High carb/workout day

Weigh in=149

Goal
  • Protien=150
  • Carbs=450
  • Fat=30
  • Calories=2670

Actual
  • Protien=166.5
  • Carbs=379.5
  • Fat=38
  • Calories=2526


Calories over all are close. I eat 6 meals as is to reach 380 carbs any input on if I should eat a 7th meal with that I could get around another 60 grams.

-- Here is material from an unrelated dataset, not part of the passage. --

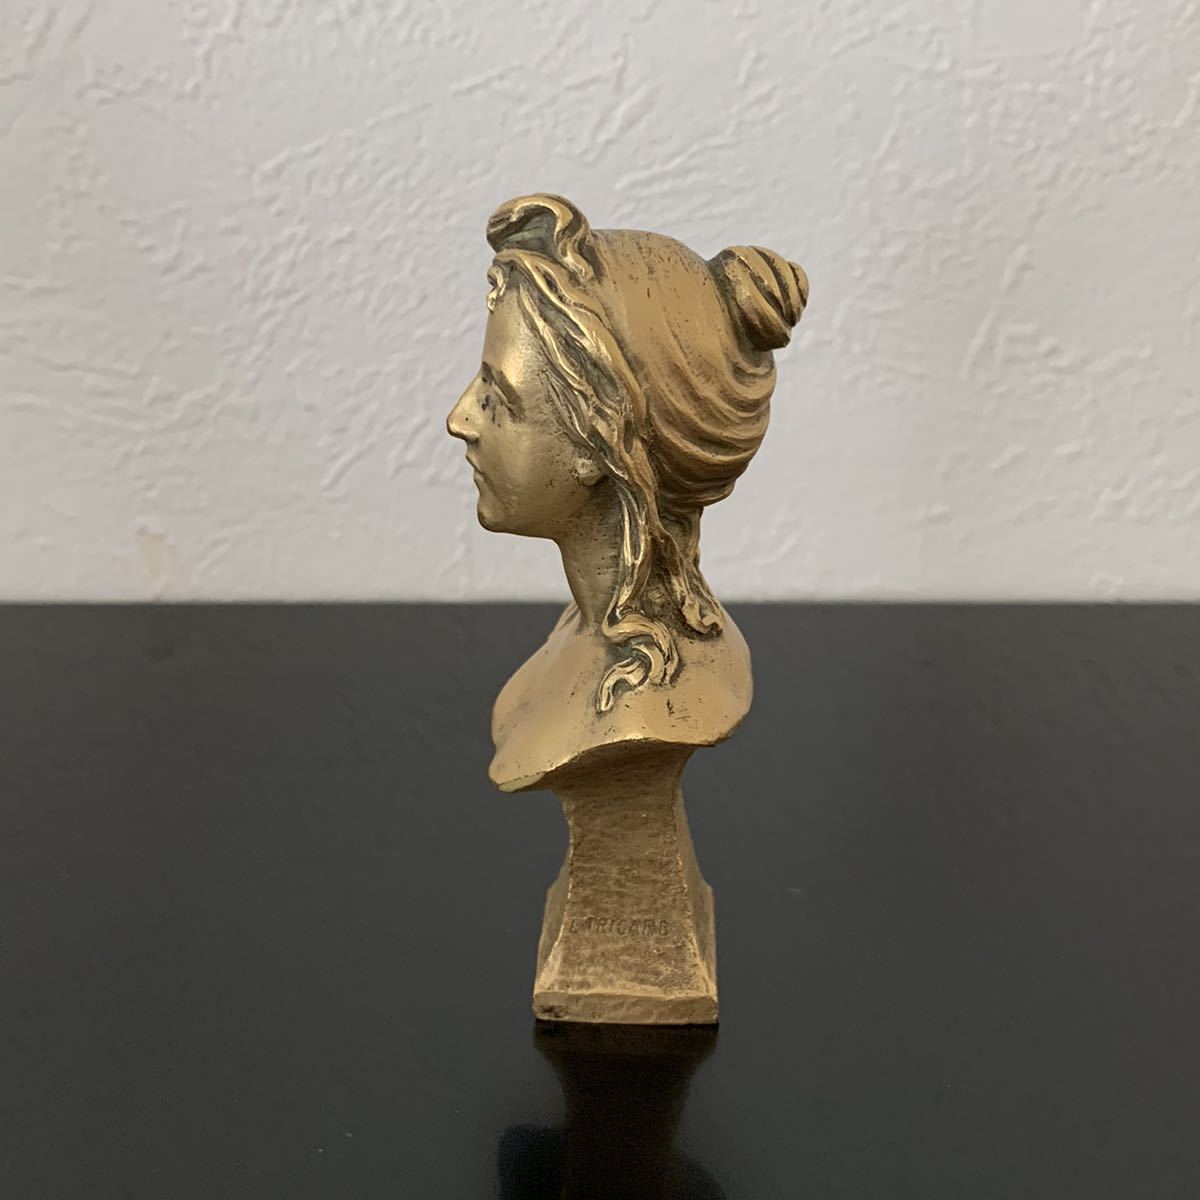 【 ENIGMA 】黄銅製 フランス製 女性モチーフ シール BOX付き 彫刻 Les parfums d'autrefois art nouveau アールヌーボー 真鍮_L.TRICAROの刻あり

Heres an example of what I eat during the day

Morning
Fiberone
  • Pro=12
  • Carbs=60
  • Fat=6
OJ
  • Pro=12
  • Carbs=26
  • Fat=0

Lunch school lunch:cool:
Taco
  • Pro=29.5
  • Carbs=30.5
  • Fat=14
Milk
  • Pro=9
  • Carbs=31
  • Fat=2.5

snack 3:30
turkey sandwich
  • Pro=12
  • Carbs=34
  • Fat=0

dinner
taco shell (was in a taco mood today)
  • Pro=4
  • Carbs=28
  • Fat=2.5
Brown Rice
  • Pro=6
  • Carbs=64
  • Fat=2
Corn
  • Pro=4
  • Carbs=36
  • Fat=1
Peas
  • Pro=4
  • Carbs=12
  • Fat=0

pre workout
shake
  • Pro=25
  • Carbs=13
  • Fat=2
rice
  • Pro=3
  • Carbs=32
  • Fat=1

post w/o
Shake
  • Pro=46
  • Carbs=13
  • Fat=7

So there it is any comments on what could be changed would be nice.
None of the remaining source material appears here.